==== Dataset content ====

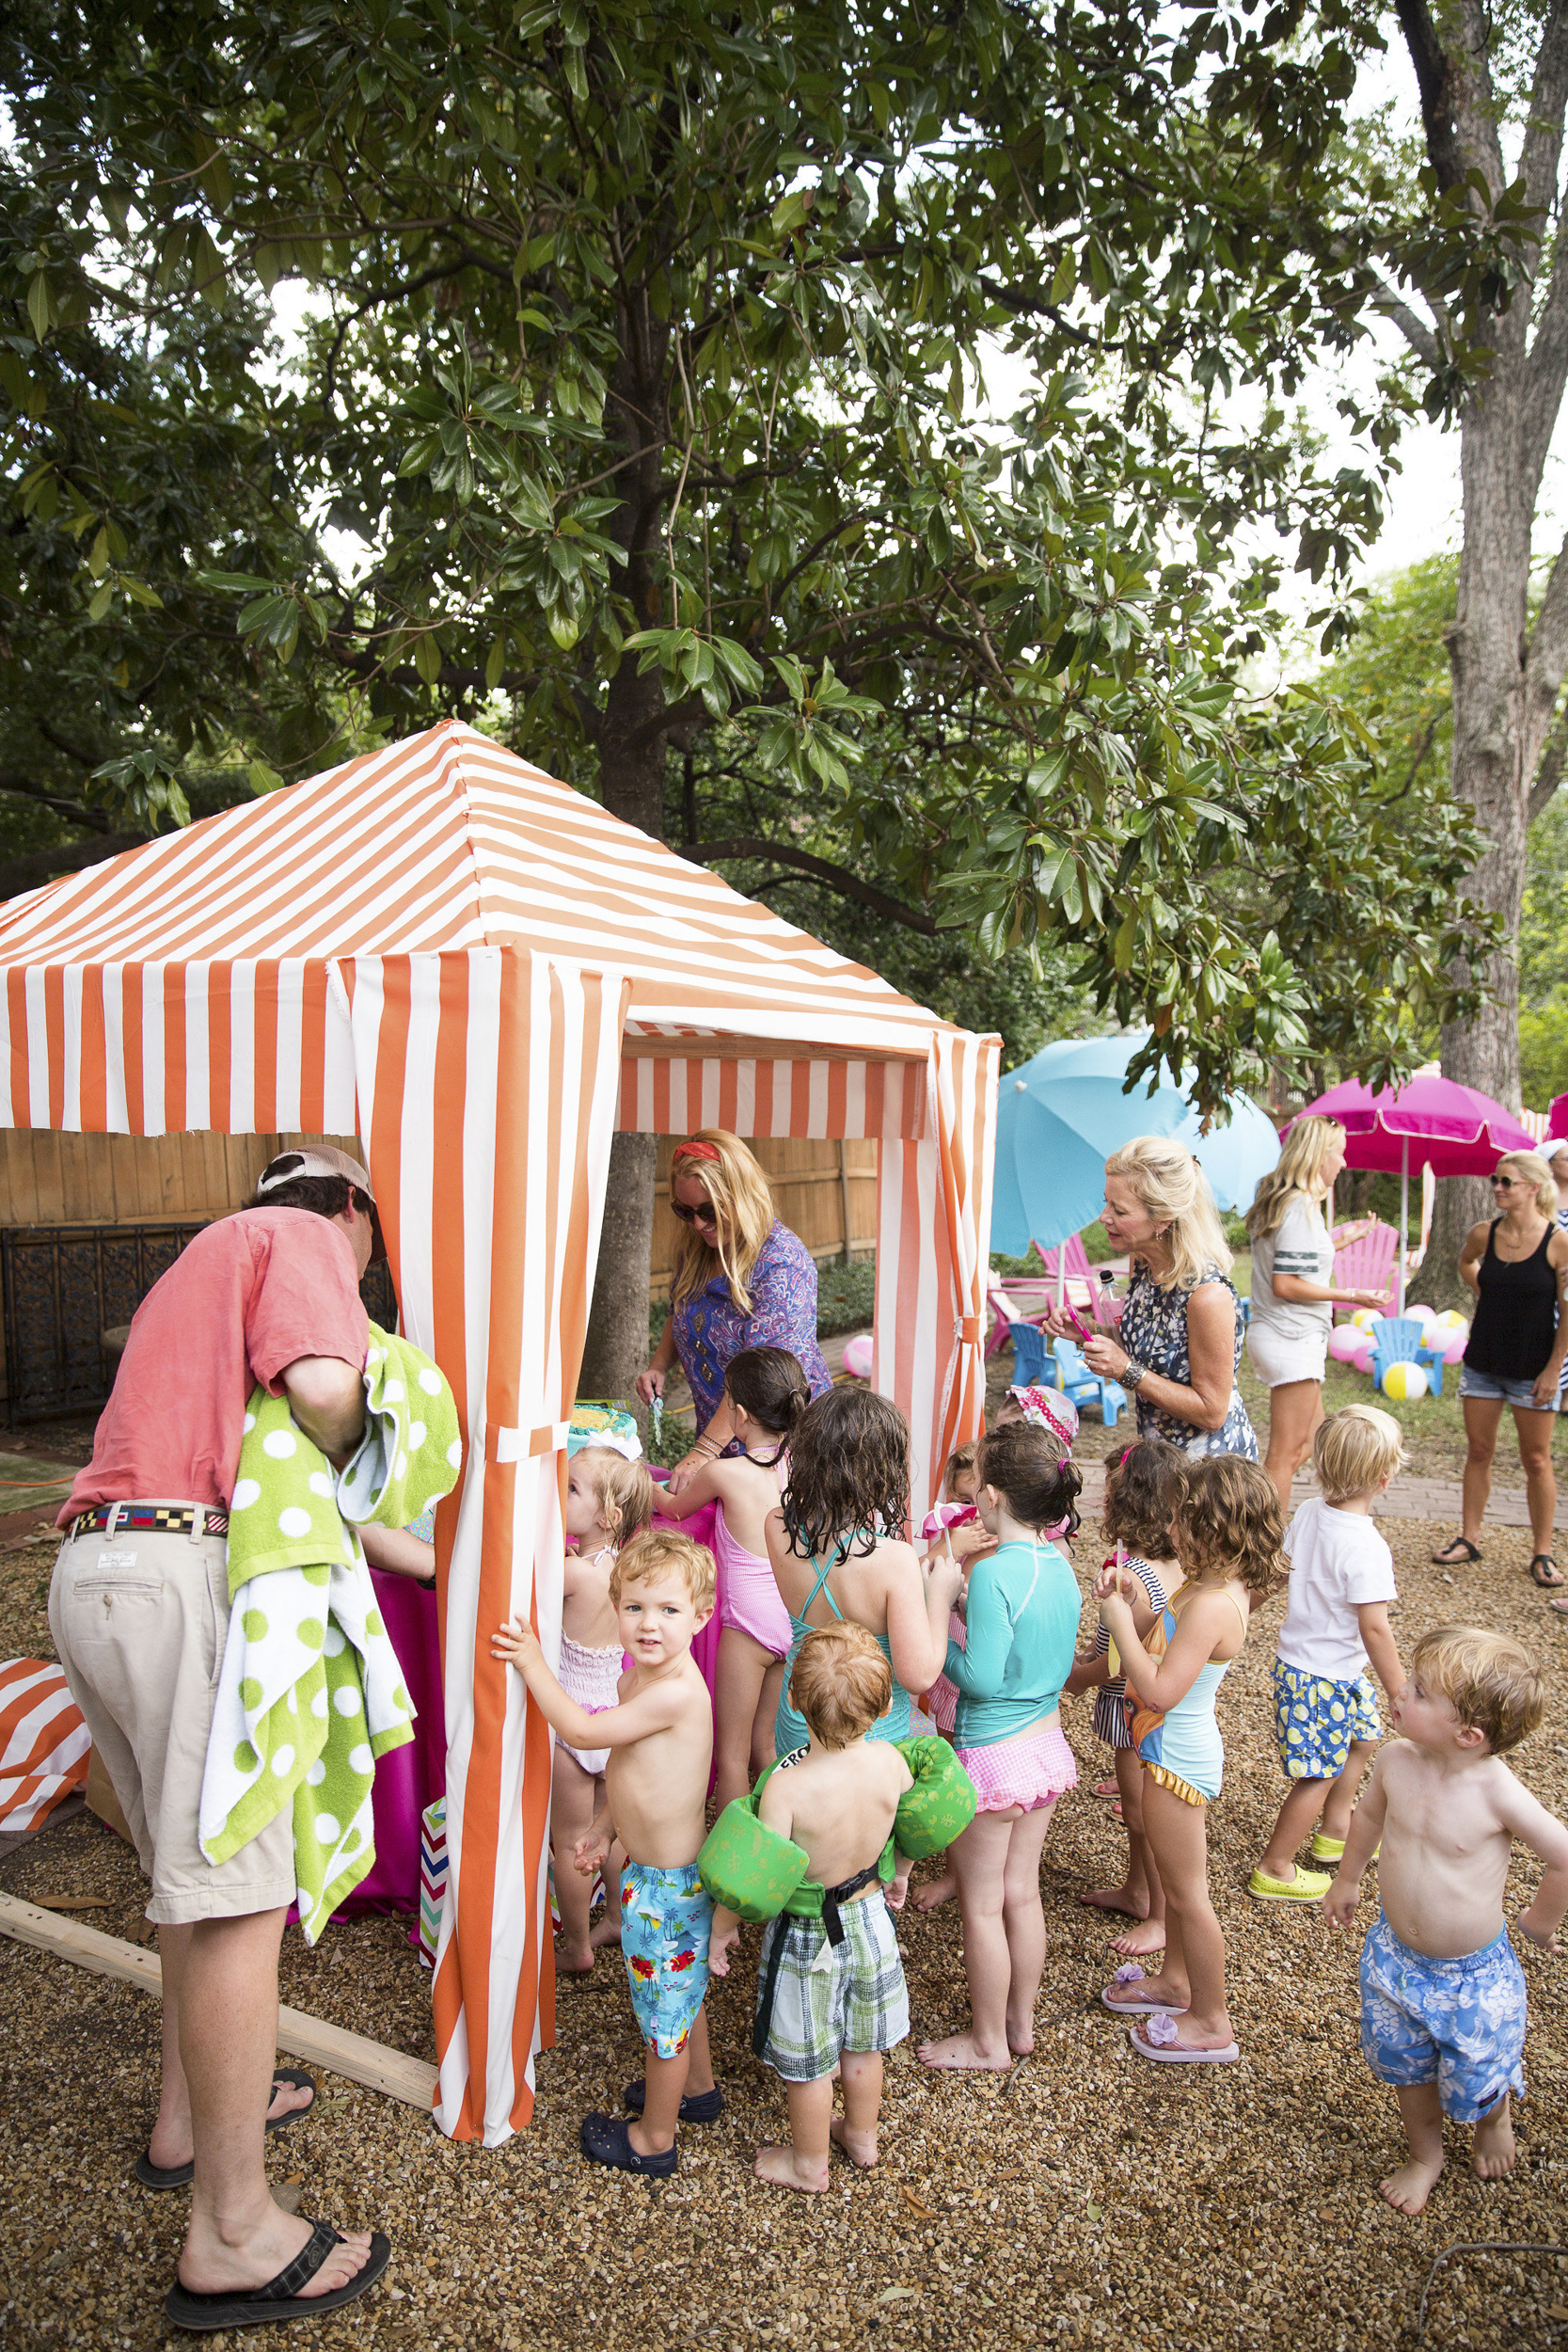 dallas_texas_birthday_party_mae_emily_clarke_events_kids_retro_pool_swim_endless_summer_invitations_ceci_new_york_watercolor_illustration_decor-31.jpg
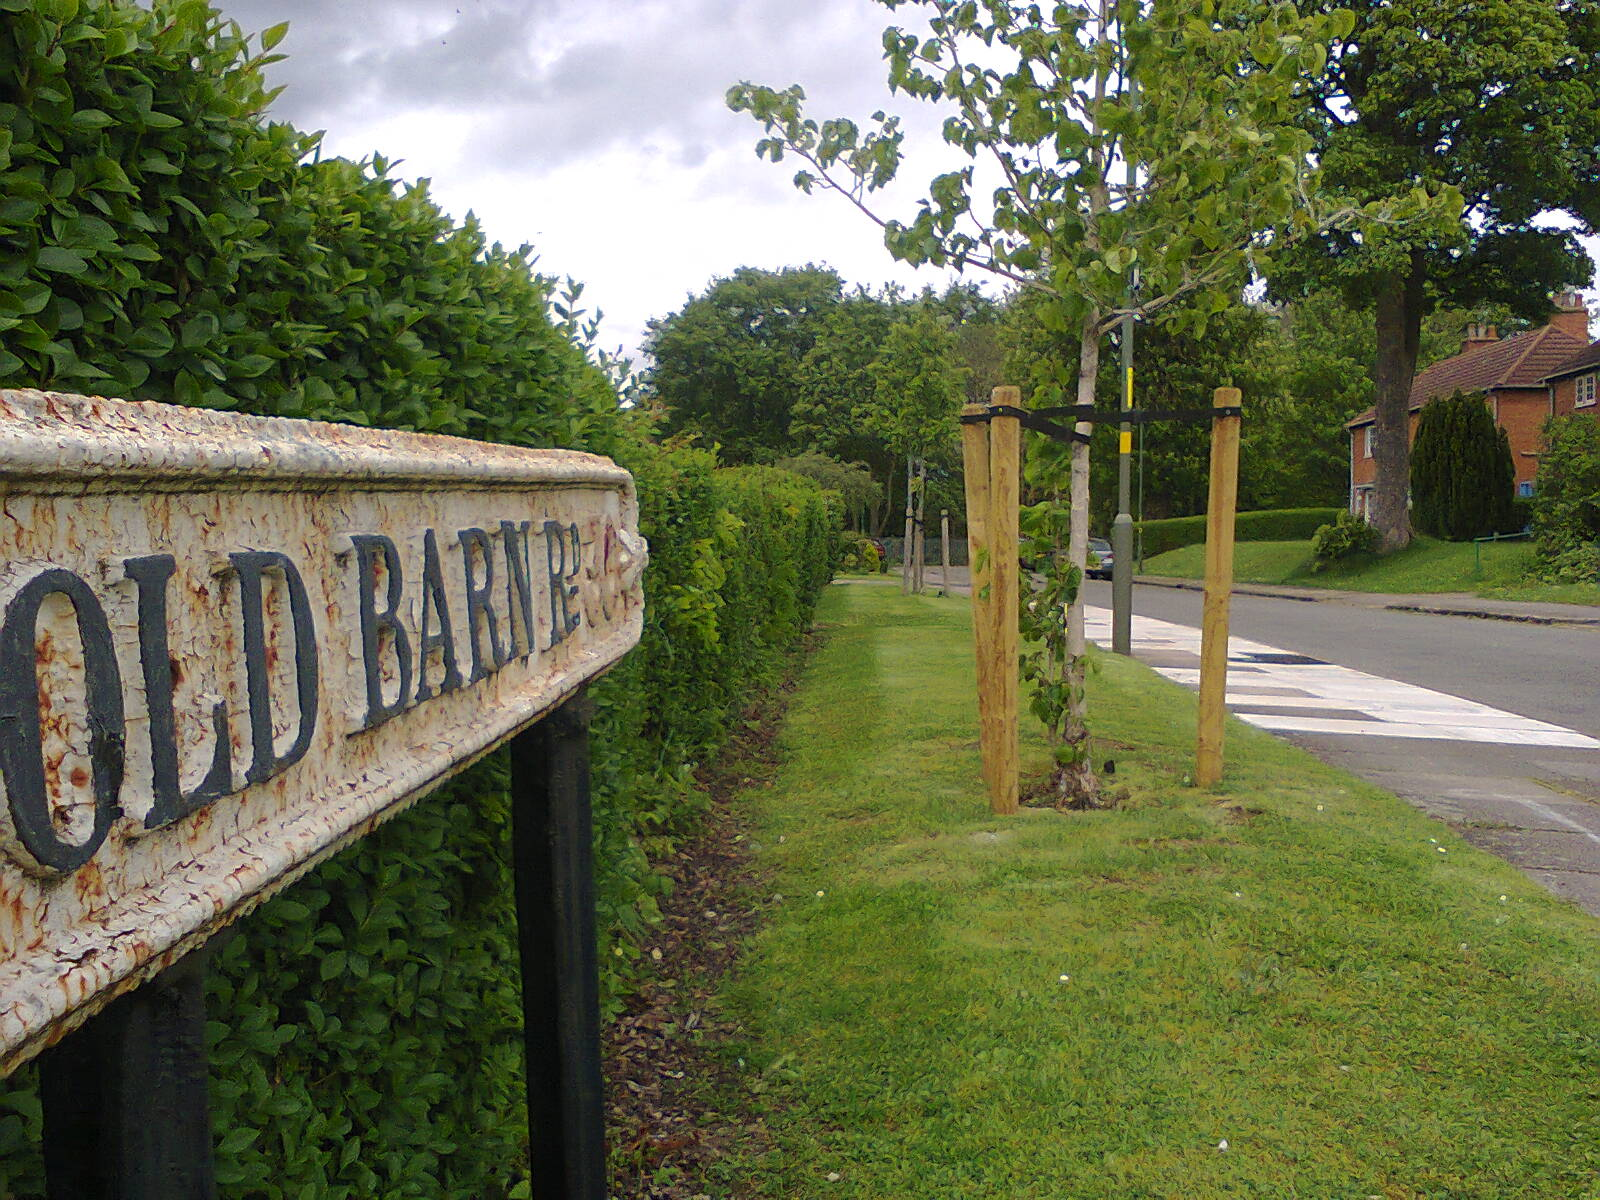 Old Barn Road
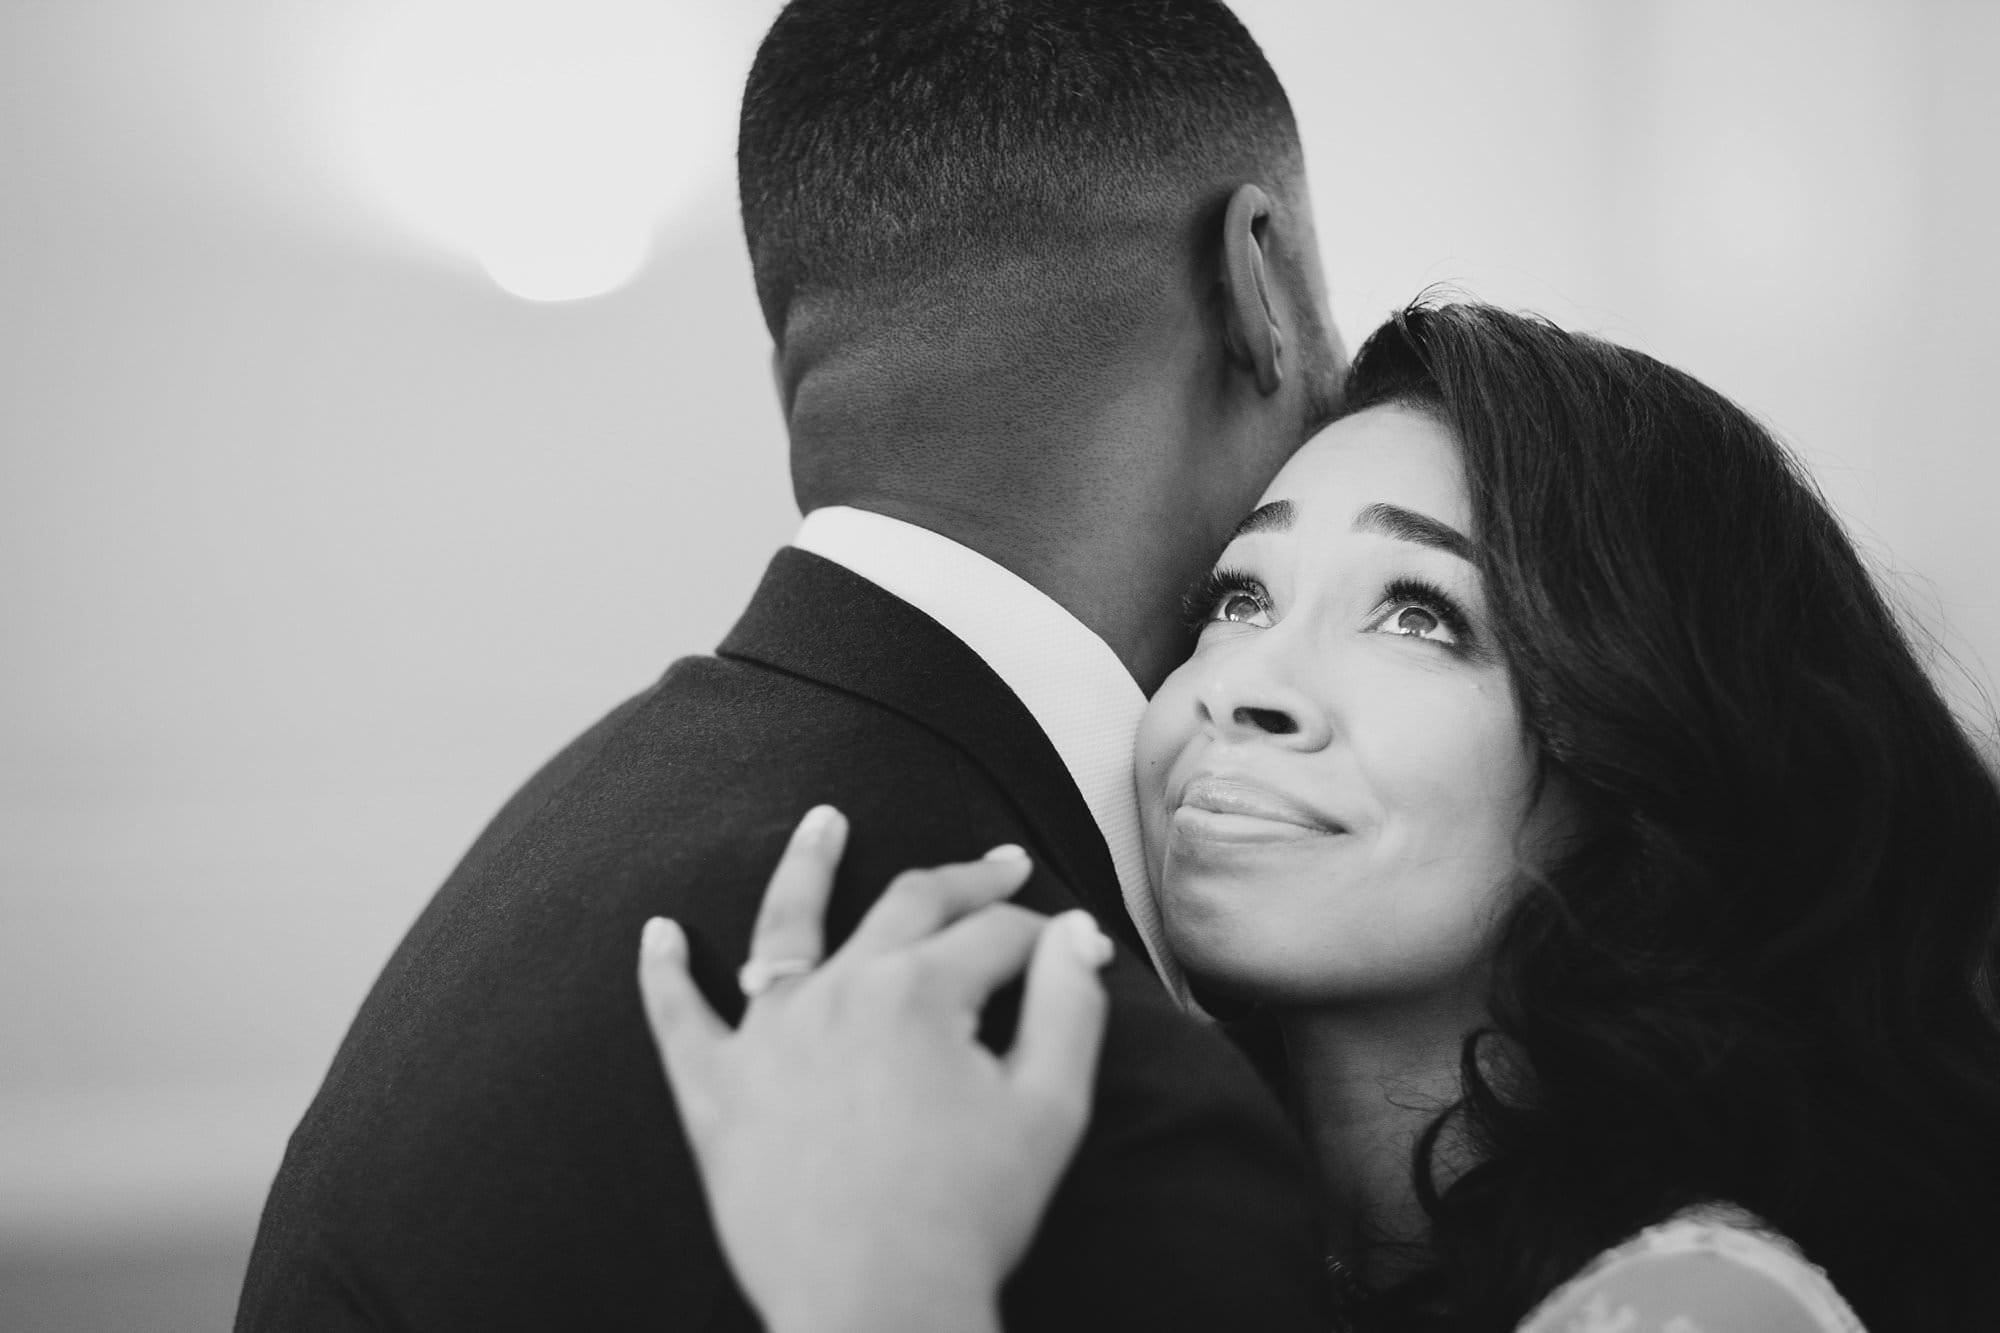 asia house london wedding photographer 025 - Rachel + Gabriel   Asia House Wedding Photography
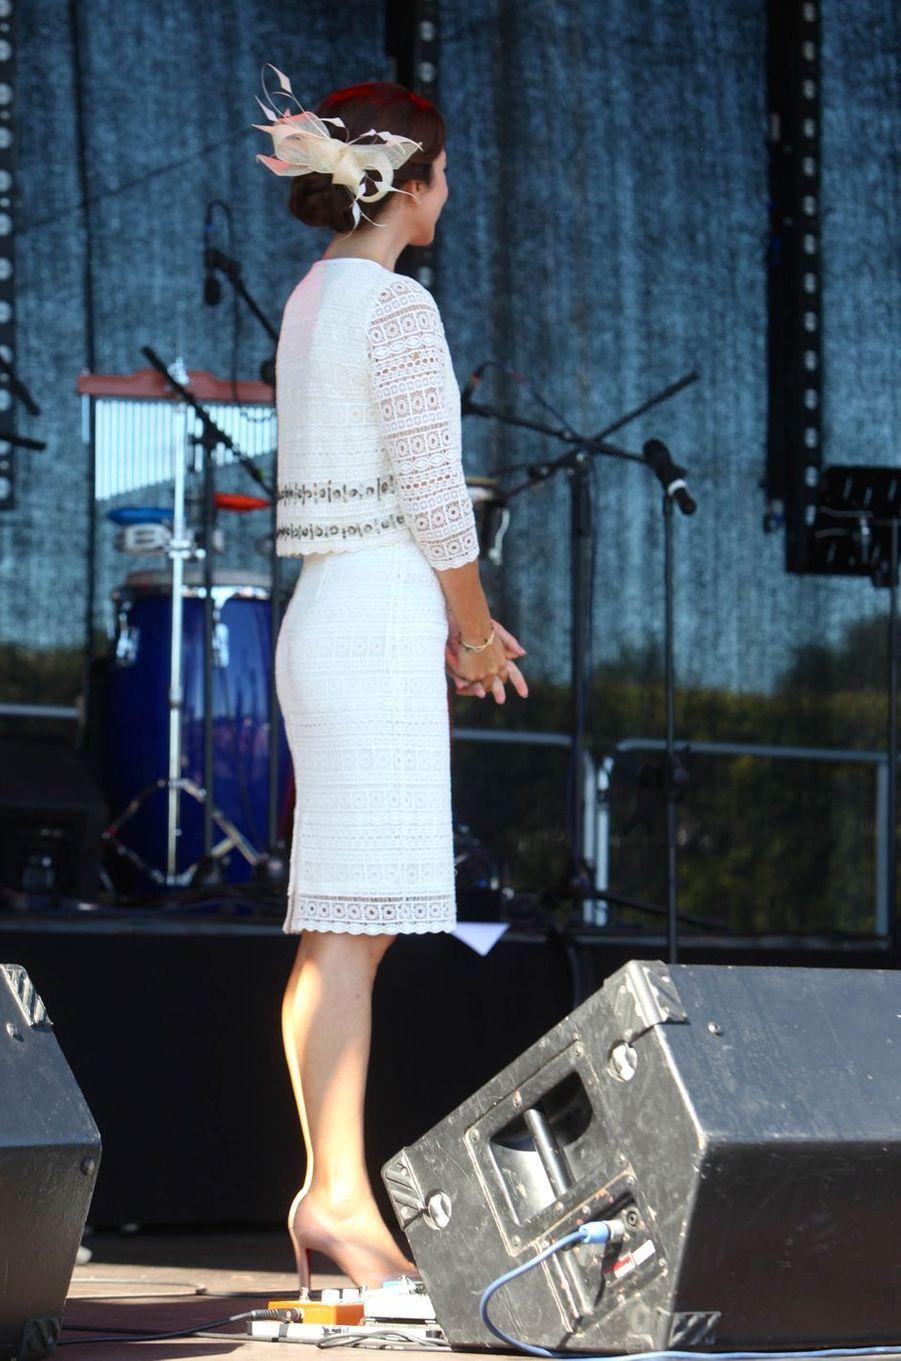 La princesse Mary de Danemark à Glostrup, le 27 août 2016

====

The listing above needs to be output again exactly. Don't include the pictures.

 dallas_texas_birthday_party_mae_emily_clarke_events_kids_retro_pool_swim_endless_summer_invitations_ceci_new_york_watercolor_illustration_decor-31.jpg
 Old Barn Road
 asia house london wedding photographer 025 - Rachel + Gabriel   Asia House Wedding Photography
 La princesse Mary de Danemark à Glostrup, le 27 août 2016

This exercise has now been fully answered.